►

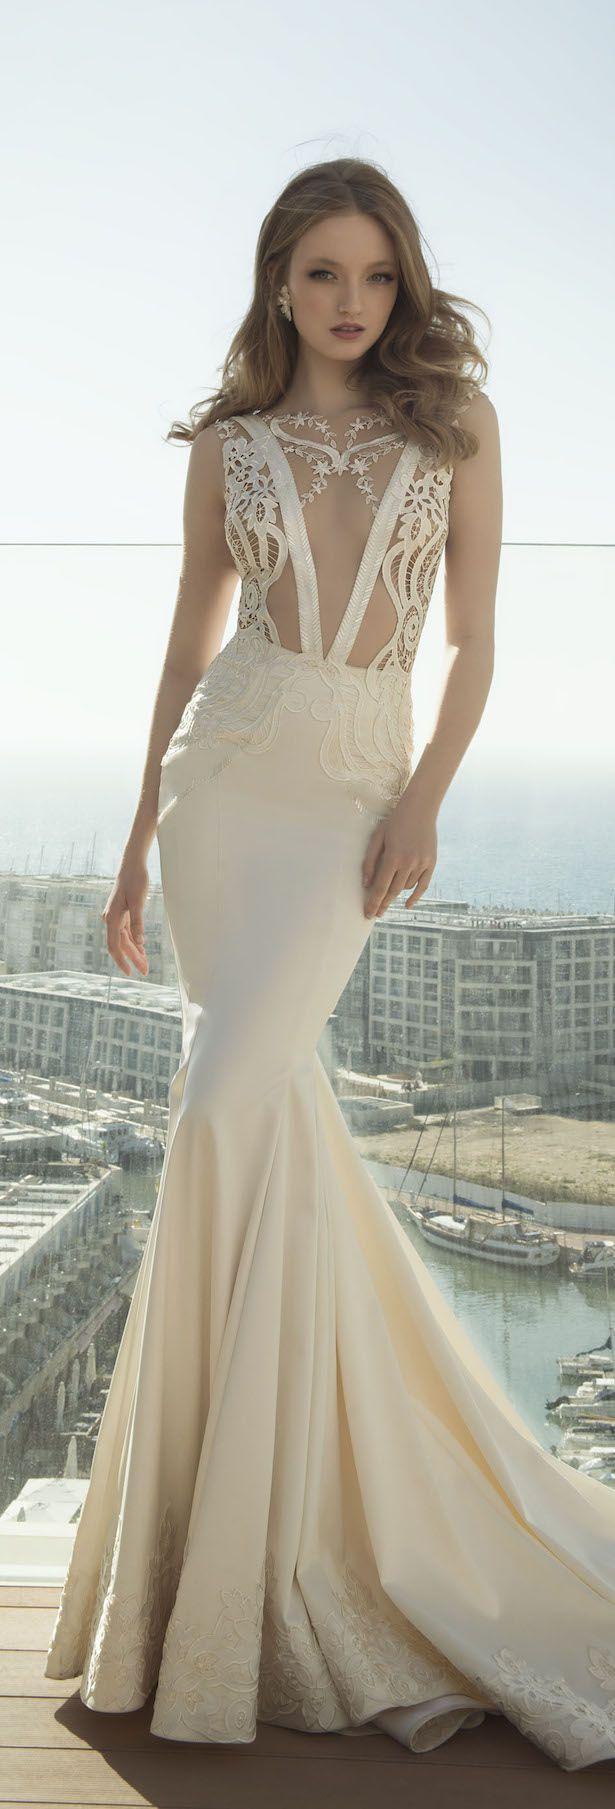 Wedding - Dany Mizrachi 2016 Wedding Dress - Belle The Magazine
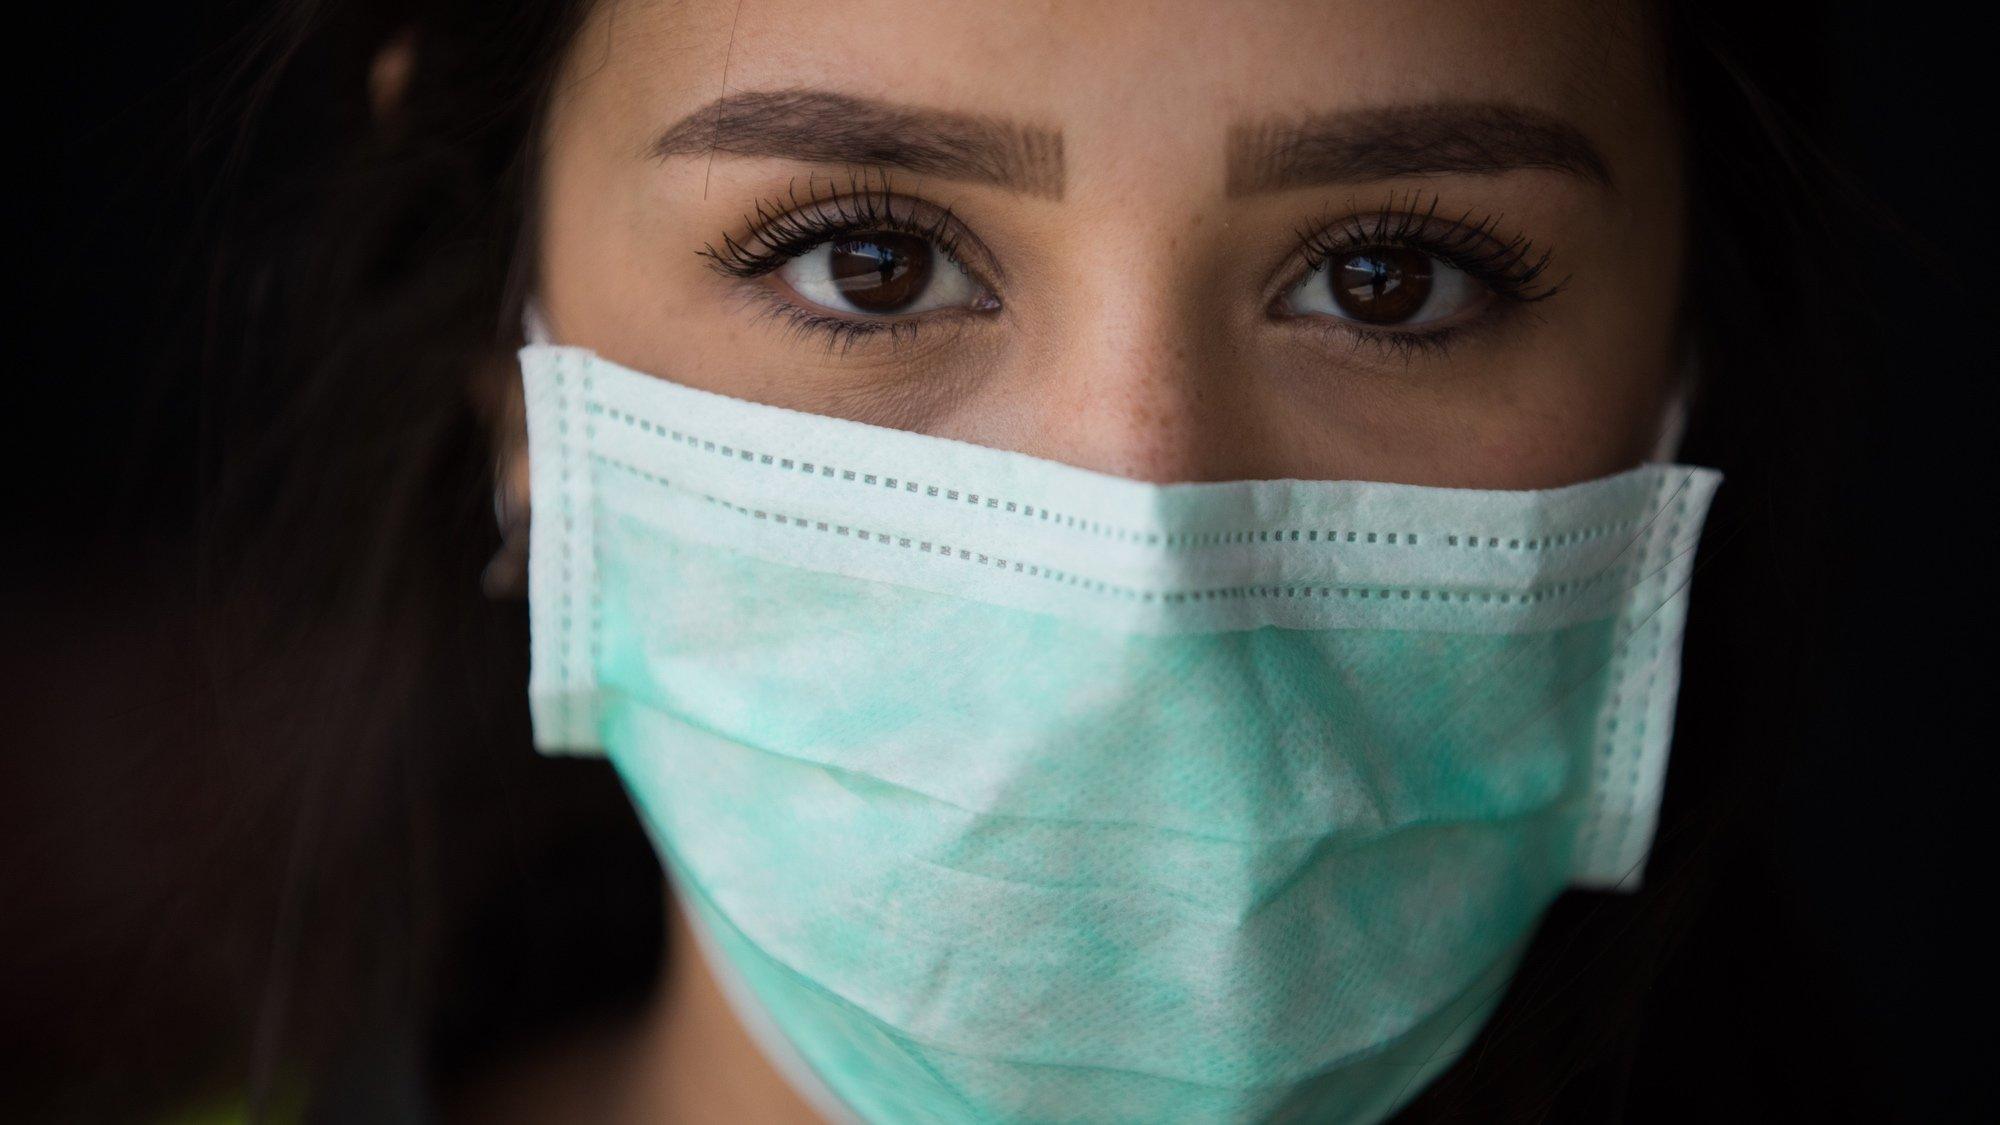 Is the coronavirus just a conspiracy?
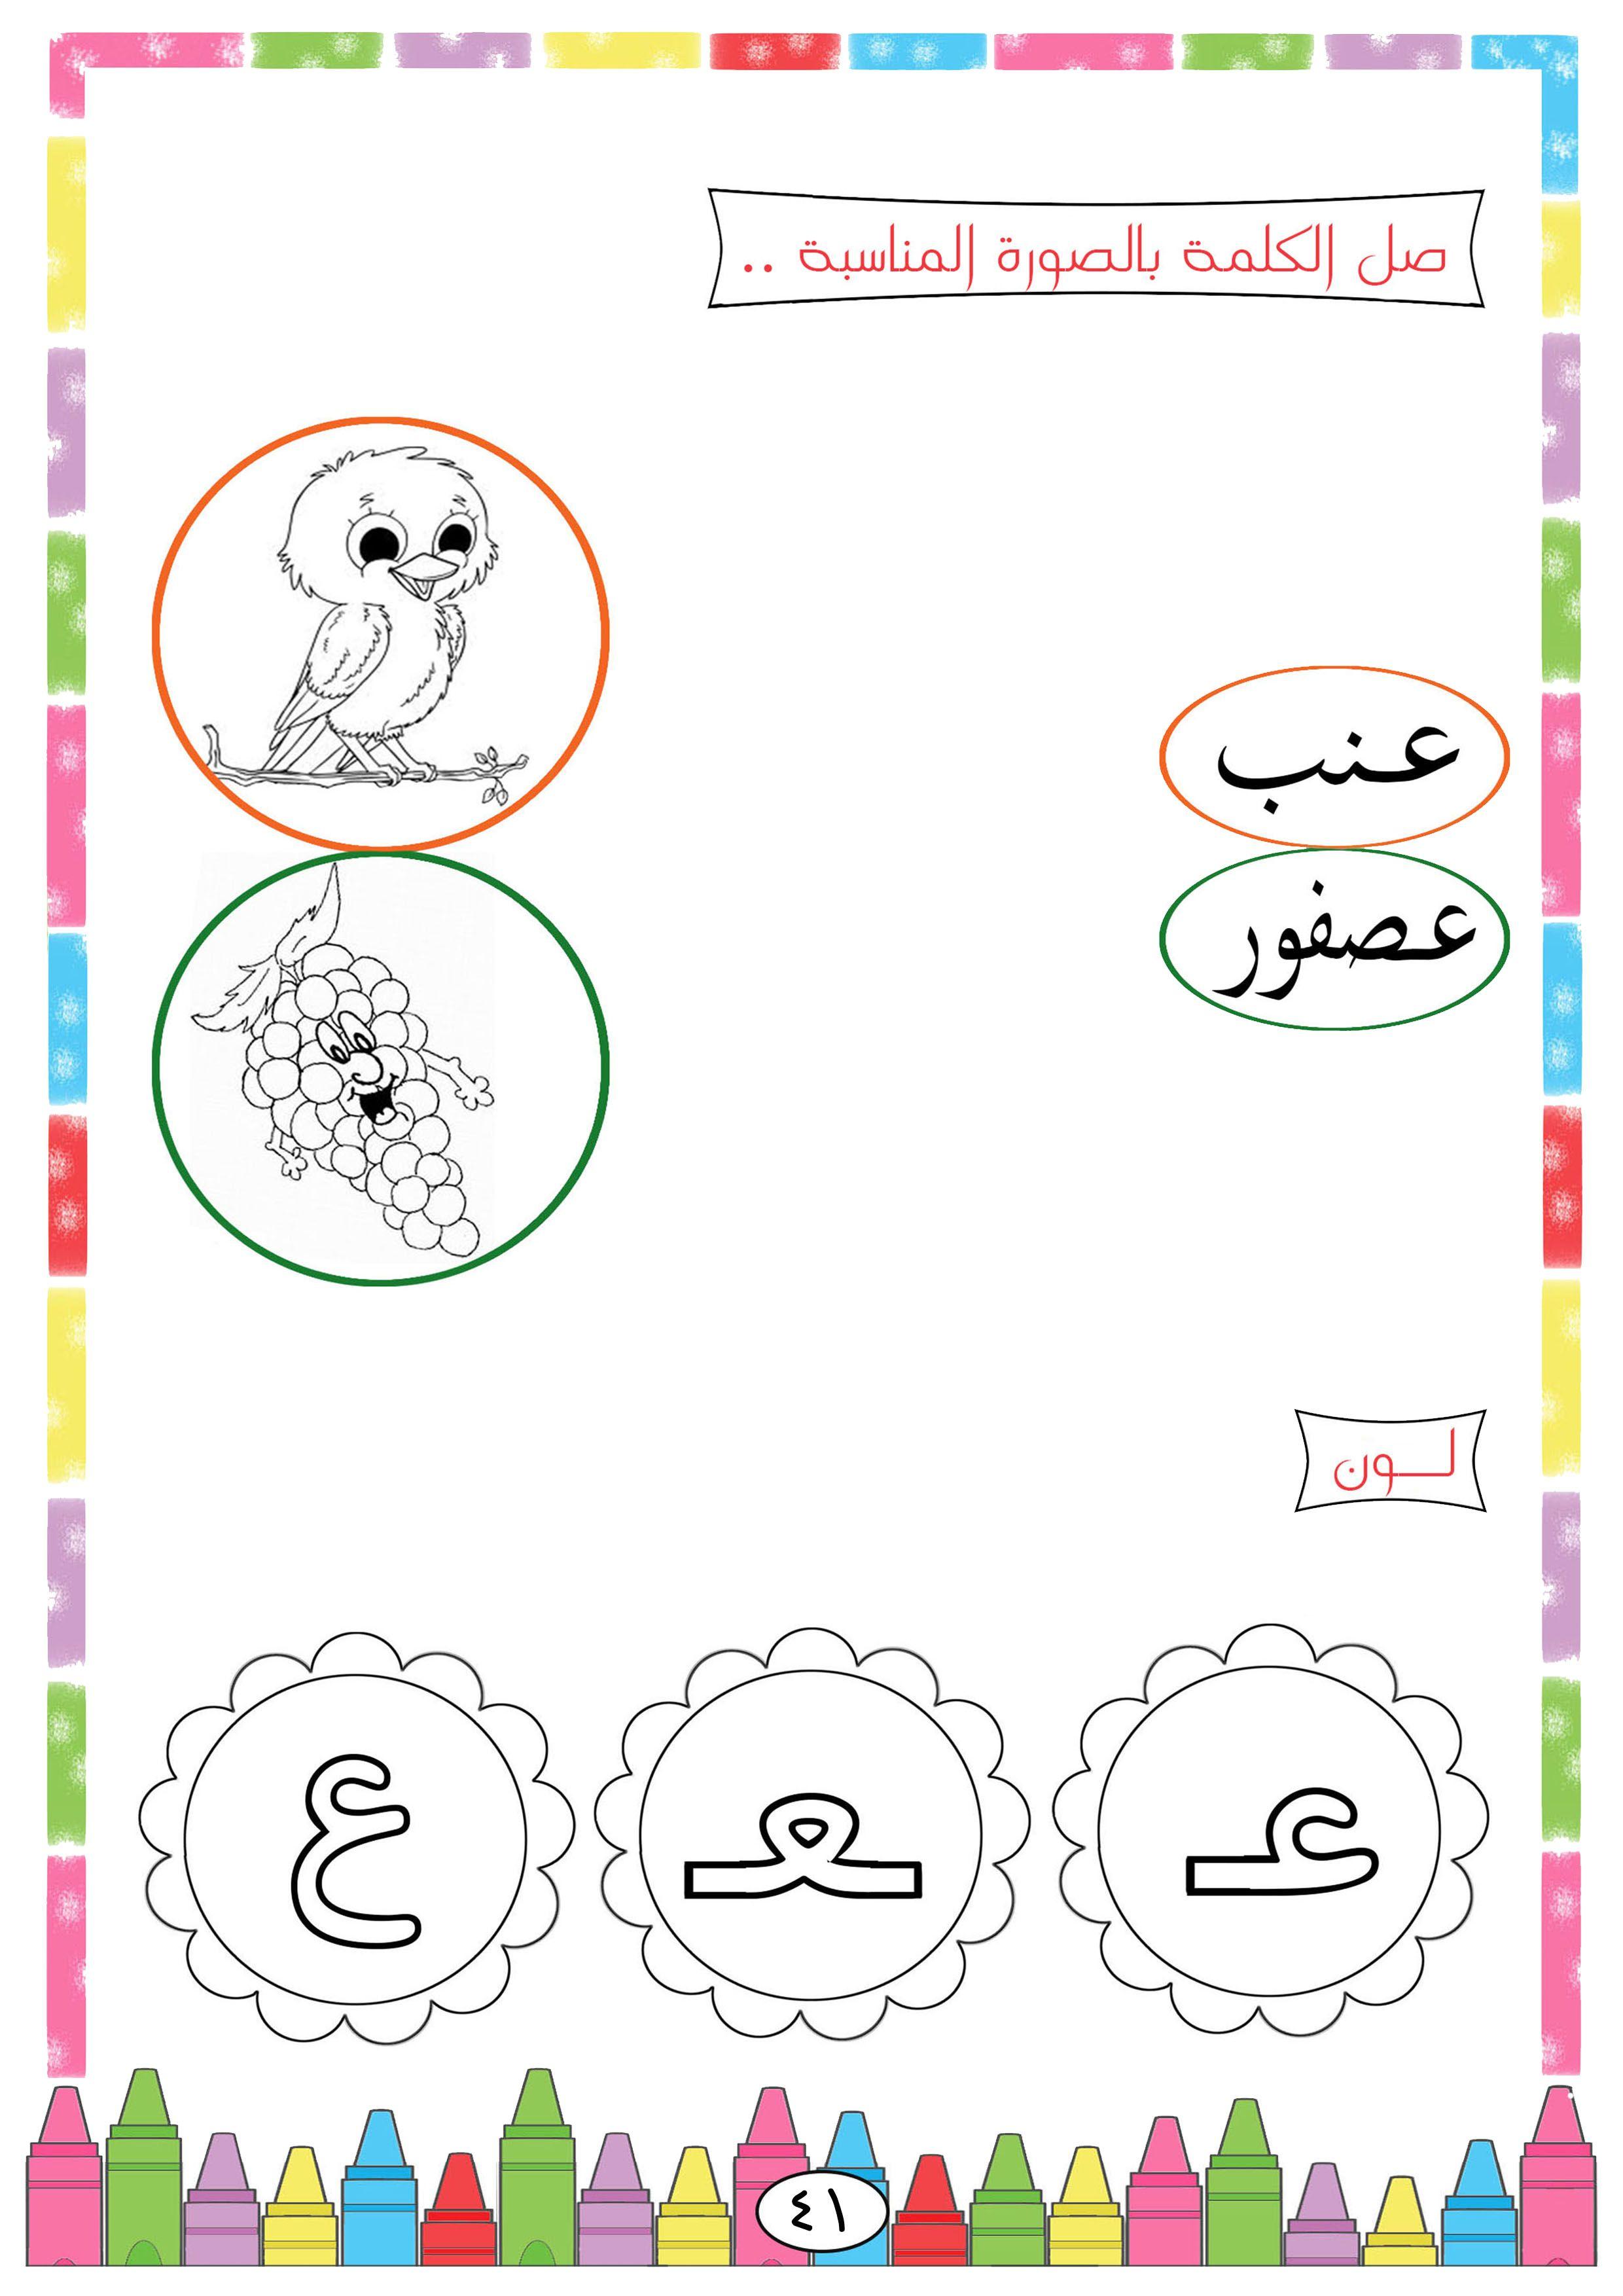 Pin By Rania Ahmed On كتاب ١ Learning Arabic Arabic Alphabet For Kids Learn Arabic Language

◄

» What you have to do: A verbatim copy of the listing is required, with all pictures left out.

» Exercise output:
 Wedding - Dany Mizrachi 2016 Wedding Dress - Belle The Magazine
 Is the coronavirus just a conspiracy?
 Pin By Rania Ahmed On كتاب ١ Learning Arabic Arabic Alphabet For Kids Learn Arabic Language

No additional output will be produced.